Hen harrier - update
The following are brief summaries of some of the action that we and our partners have done since the Species Action Framework was launched. They're in chronological order, with the most recent updates at the top of the page.
11 February 2013
The five-year SAF programme finished in March 2012. We held a conference in November 2012, and you can go to a microsite (we recommend you use Firefox etc. as your browser, rather than older versions of Internet Explorer) where you can access a podcast, powerpoint presentation and poster for this species which summarises the work done during the SAF. You will also find:
- Audio podcasts of all the talks
- Powerpoint presentations of all the talks
- A set of all the SAF posters displayed at the conference
- A link to a podcast of the BBC Radio 4 'Saving Species' programme recorded at the conference
In late 2013 we also hope to publish an electronic 'SAF Handbook', which will include a chapter on this species.
10 December 2009
The hen harrier remains one of the most threatened of all birds in the UK. Next year (2010) we will be carrying out a UK-wide survey of hen harriers, in partnership with the Scottish Raptor Study Groups and RSPB Scotland. The last survey (2004) estimated there to be 633 pairs in Scotland, 11 pairs in England, 43 pairs in Wales and 63 pairs in Northern Ireland.

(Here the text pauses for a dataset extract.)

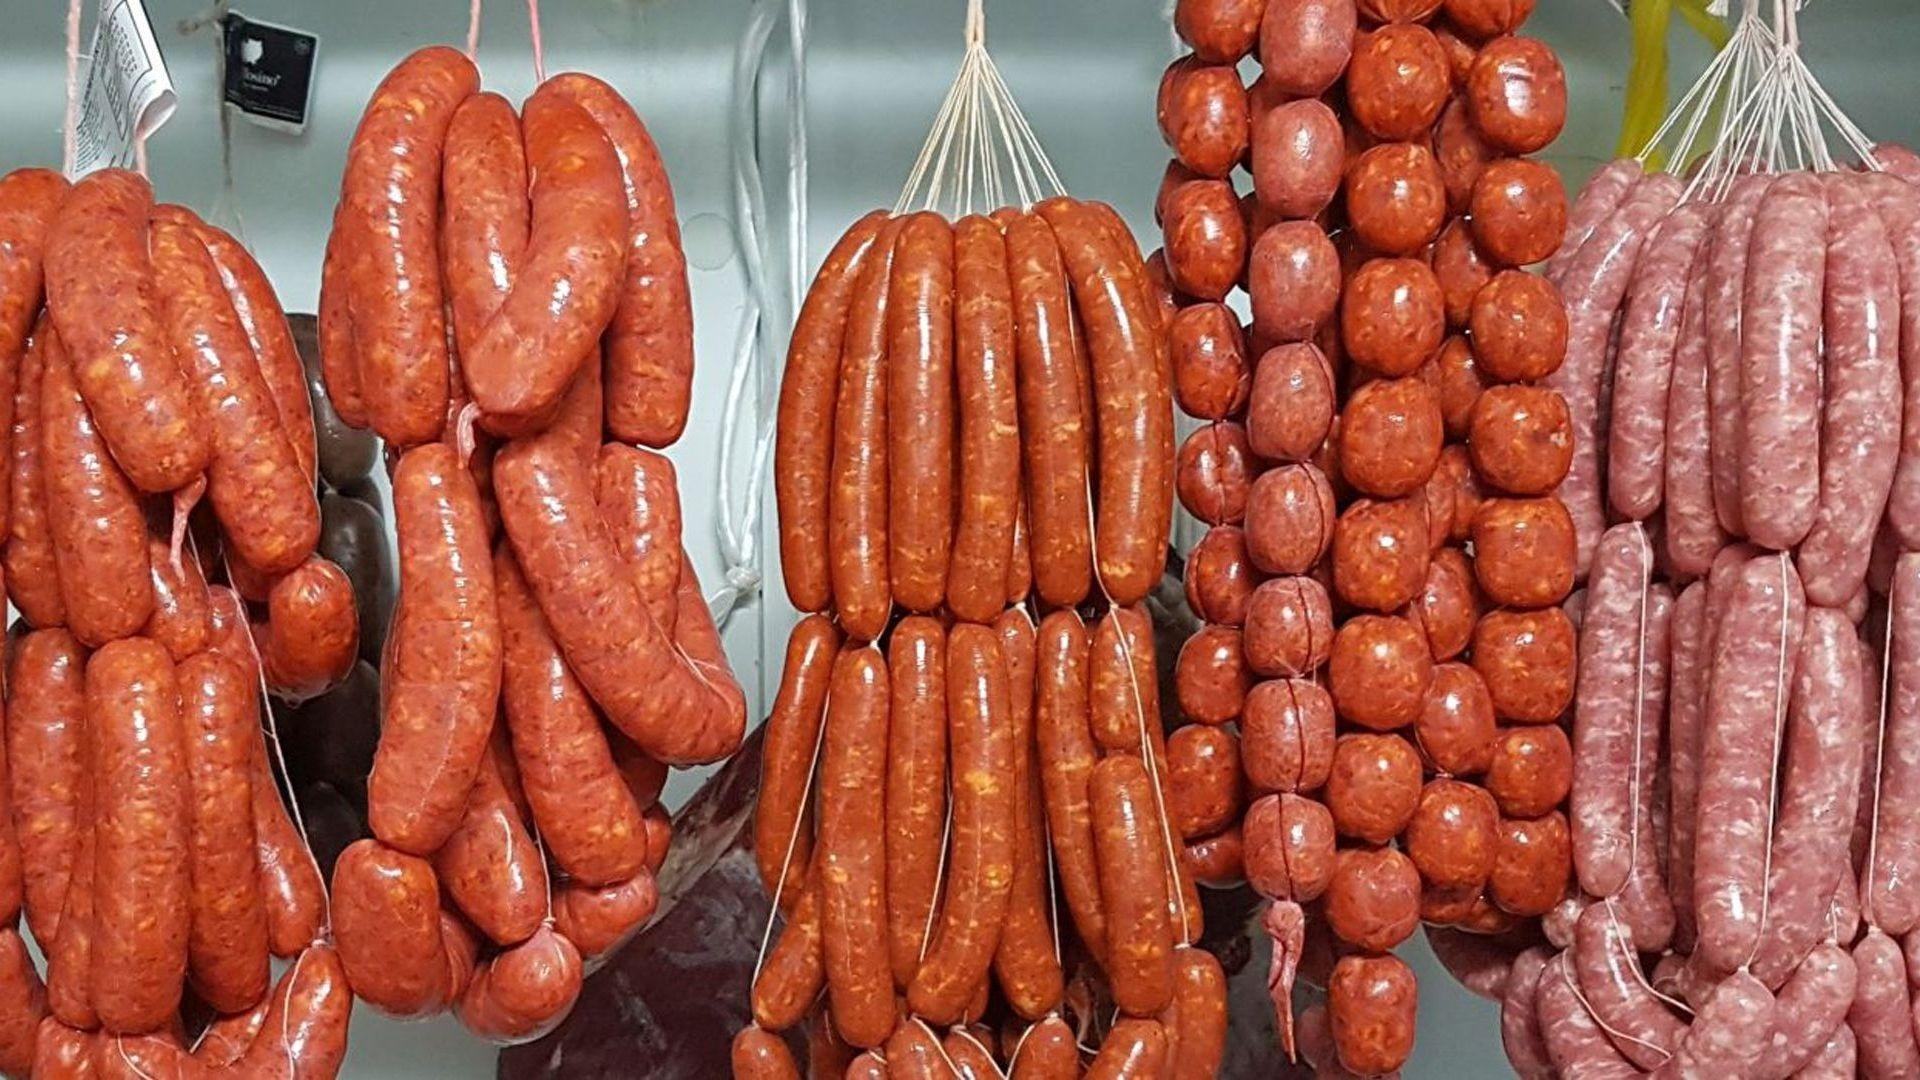 Carnicerias Alemañ - Embutido

We have just completed a draft conservation framework report for hen harriers. This builds on the conservation framework we published for golden eagles in 2008:
The framework :
- Identifies current distribution, abundance and productivity
- Identifies regional trends and constraints
- Suggests actions to enhance conservation status
The work suggests that Scotland's potential hen harrier population could be at least double its present size, with limited prey availability in the west of Scotland and persecution in the east and south constraining the population. We have given an initial presentation on the work to Scotland's Moorland Forum and will shortly issue a draft report for scientific comments. We intend to publish the report early in 2010.

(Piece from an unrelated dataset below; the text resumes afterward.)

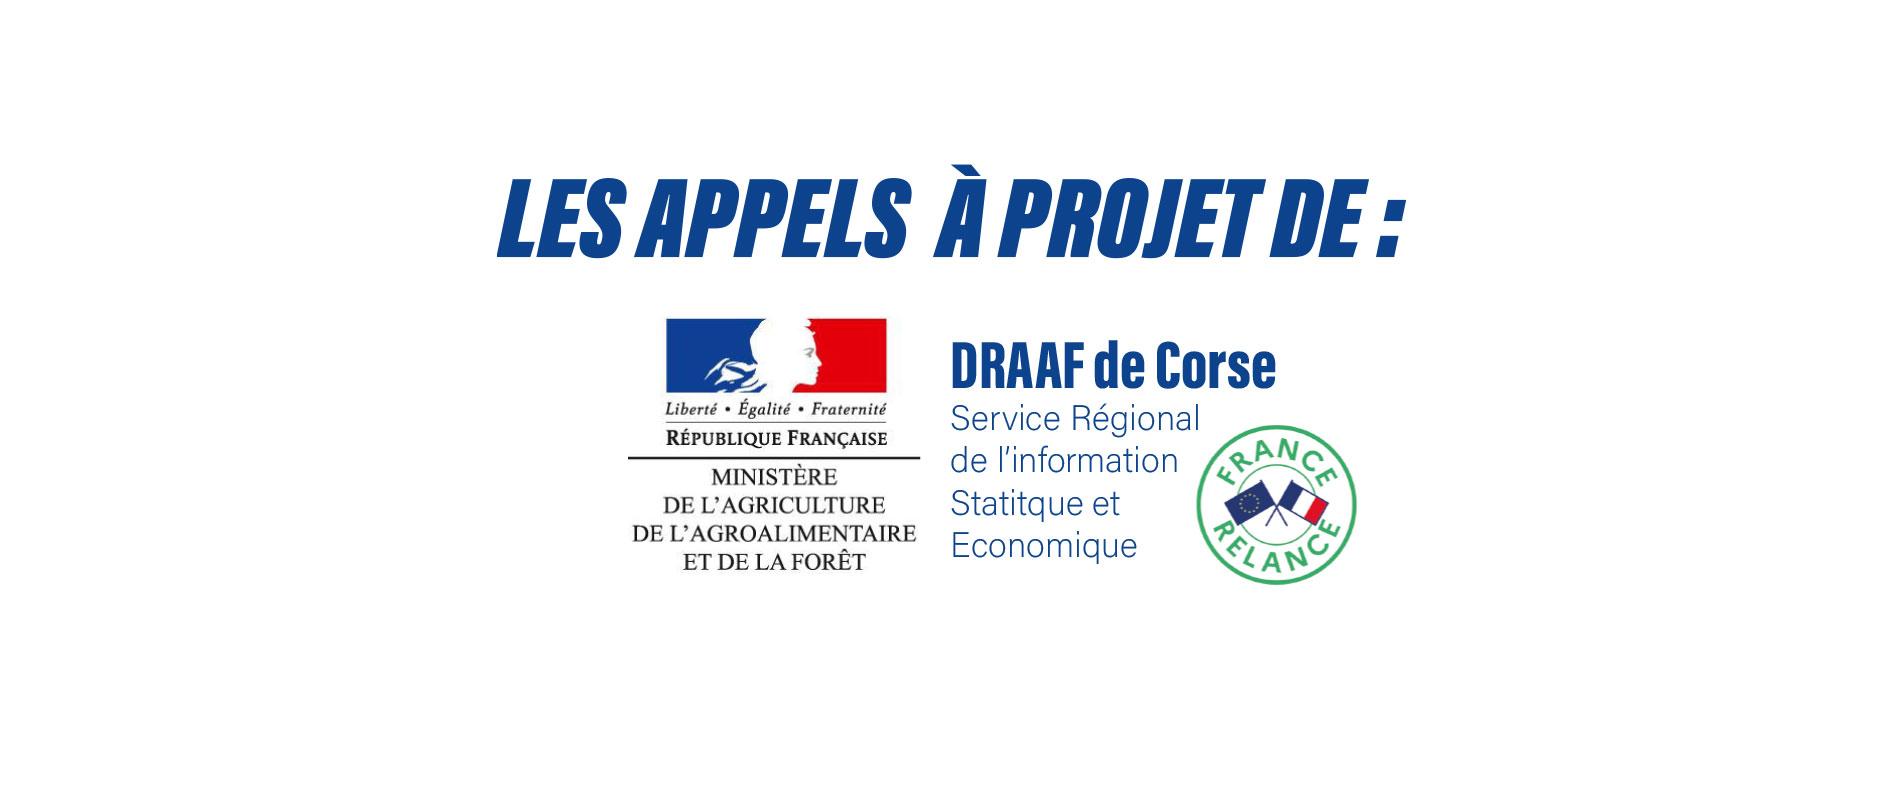 DRAAF : Les appels à projets de la Direction Régionale de l'Alimentation, de L'Agriculture et de la Forêt

Meanwhile, the Langholm Moor Demonstration Project is going well. This project, which began in autumn 2007, is looking for ways whereby moorland can be managed for hen harriers, driven grouse shooting and habitat conservation. On the Langholm Moor Special Protection Area we have a unique partnership operating between the owner of the moor (Buccleuch Estates), Scottish Natural Heritage, Game and Wildlife Conservation Trust, RSPB Scotland and Natural England. The Project employs five keepers (working under the Head Keeper, Simon Lester), and has three scientists (led by Dr Damian Bubb) and a Project Manager (Graeme Dalby) to ensure that the work on the ground is systematically monitored and reported. The early signs are promising, with red grouse numbers rising and successful provisioning of hen harriers with carrion to divert them from grouse.
The project attracts a significant amount of media and public interest, and already we have had several Ministerial and high profile organisational visits to the moor. If this project is a success, it could remove a lot of the conflict between driven grouse moor management and hen harrier conservation. The Environment Council initiative, led by Natural England , is also looking to find ways of resolving the hen harrier - grouse moor conflict. SNH contributes to this, and works closely with a range of government and voluntary bodies to find ways of securing a better future for hen harriers.
A lot of scientific work is being done on the hen harrier and grouse moor conflict, with Journal of Applied Ecology recently publishing a series of papers on the subject. We have also been involved in the publication of a new field guide for surveying and monitoring raptors which will help support the next national hen harrier survey.
We were pleased that many of our partners who work with us on hen harriers and other raptors recently had their efforts recognised with the award of the Institute of Ecology and Environmental Management 'Best Practice Award' for 2009 to the Scottish Raptor Monitoring Scheme (18 November 2009 news).